Author: Karen van den Bergh
There are few functions inside a business that carry as much weight, yet receive as little strategic attention, as payroll. When it works, no one notices. When it doesn’t, everyone does.
Payroll is not simply about paying salaries. It sits at the intersection of compliance, financial control, employee trust, and operational stability. One mistake can ripple far beyond the payslip, into morale, reputation, and even regulatory exposure.
Yet many organisations still treat payroll as administrative work rather than the risk-managed discipline it truly is.
Let’s talk through the commandments every employer should live by.
First: Payroll is not just admin.
It’s governance.
Globally, studies suggest that nearly 40% of small to medium-sized businesses incur payroll penalties each year due to errors or non-compliance. This is an unnecessary expense for the business that could have been avoided with the right level of oversight.
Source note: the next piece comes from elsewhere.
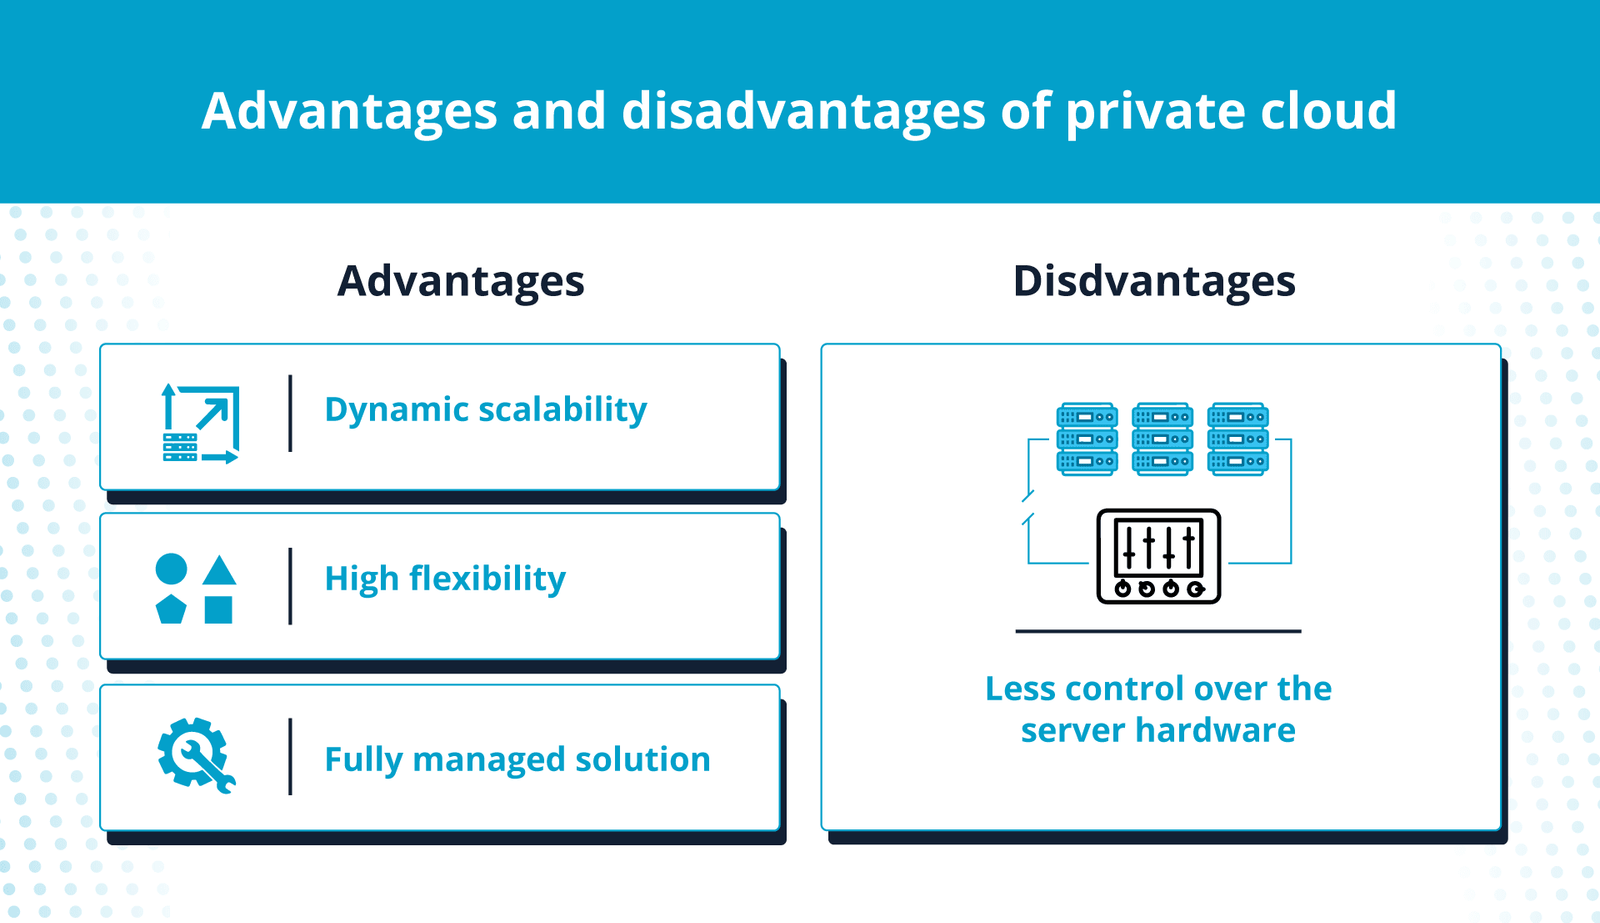 Let’s explore the advantages and disadvantages of private cloud.

Second: Accountability must be crystal clear.
When payroll responsibility is vaguely shared between HR, finance, and management, gaps appear. And payroll has no tolerance for gaps. In our experience, the healthiest organisations appoint a clear payroll owner, someone empowered to enforce deadlines, validate data, and escalate risks before they become disasters. Because if everyone owns payroll… no one really does.
Third: Never automate what you don’t understand.
Technology has transformed payroll, and rightly so. Automation reduces manual errors and saves enormous time. But here is the uncomfortable truth: automation doesn’t fix broken processes, it accelerates them. So, if your inputs are wrong, your system will produce beautifully formatted mistakes at scale.
Before switching on AI tools or advanced payroll platforms, ensure your processes are sound, your rules are clear, and your approvals are disciplined. Speed without control is not efficiency, it’s exposure.
Fourth: Respect the deadlines. Religiously.
Late approvals are one of the most common causes of payroll errors. A missed overtime file, an unconfirmed commission sheet, or a forgotten termination can undo weeks of preparation. And the result? Perfectly processed payroll, for the wrong amounts.
Remember, payroll operates on immovable timelines. SARS, benefit providers, and statutory bodies are not known for their flexibility.
Fifth: Document everything.
If only one person understands how payroll runs, your business is already vulnerable. People resign. They go on leave. Life happens. Strong payroll environments are built on documented processes, cross-training, and internal controls – not institutional memory. Think of documentation as insurance you hope you never need.
Sixth: Fear compliance more than complaints.
Employees may forgive the occasional delay if communication is transparent. Regulators will not.
Across many jurisdictions, payroll-related penalties continue to rise as governments tighten enforcement. South Africa is no exception, from PAYE submissions to UIF and COID obligations, the compliance net is widening.
A frustrated employee is uncomfortable. A compliance audit is existential. Choose your discomfort wisely.
Seventh: Question bad data immediately.
“Garbage in, garbage out” isn’t a system flaw, it’s often a leadership signal. Incorrect employee information, outdated salary structures, and unmanaged changes usually point to weak internal discipline rather than software limitations.
Healthy organisations create a culture where payroll teams are encouraged, expected, even, to challenge questionable inputs. Silence protects no one.
Eighth: Never choose price over protection.
Cheap payroll can become extraordinarily expensive when something goes wrong. Consider the cost of underpaid taxes, backdated benefit corrections, legal disputes, or reputational damage. Suddenly the “saving” disappears many times over. Payroll is one of the few business functions where reliability matters far more than bargain pricing.
Ninth: Give payroll a voice at the table.
Payroll teams often see organisational risk before leadership does, unusual pay patterns, policy inconsistencies, compliance drift. But if they feel unable to escalate concerns, those early warning signs stay buried.
Organisations that invite payroll into strategic conversations build trust not only internally, but with their workforce. Escalation is not negativity, it’s stewardship.
Finally, and perhaps most importantly, remember what payroll really funds.
Not just salaries, rent, school fees, medical care, groceries, transport, security, and dignity. For most employees, payday is not a transaction, it’s stability. When you view payroll through that lens, priorities shift quickly.
Break these commandments, and payroll will remind you…usually on the 25th! And while the reminder may arrive as a flood of emails, a spike in HR queries, or a compliance notice, the real cost is often quieter: the erosion of trust.
The good news? Payroll excellence is entirely achievable. It requires clarity, ownership, discipline, and the willingness to treat payroll not as a back-office function, but as a cornerstone of responsible business.
Because in the end, payroll doesn’t just pay people. It tells them exactly how much your organisation values getting the important things right.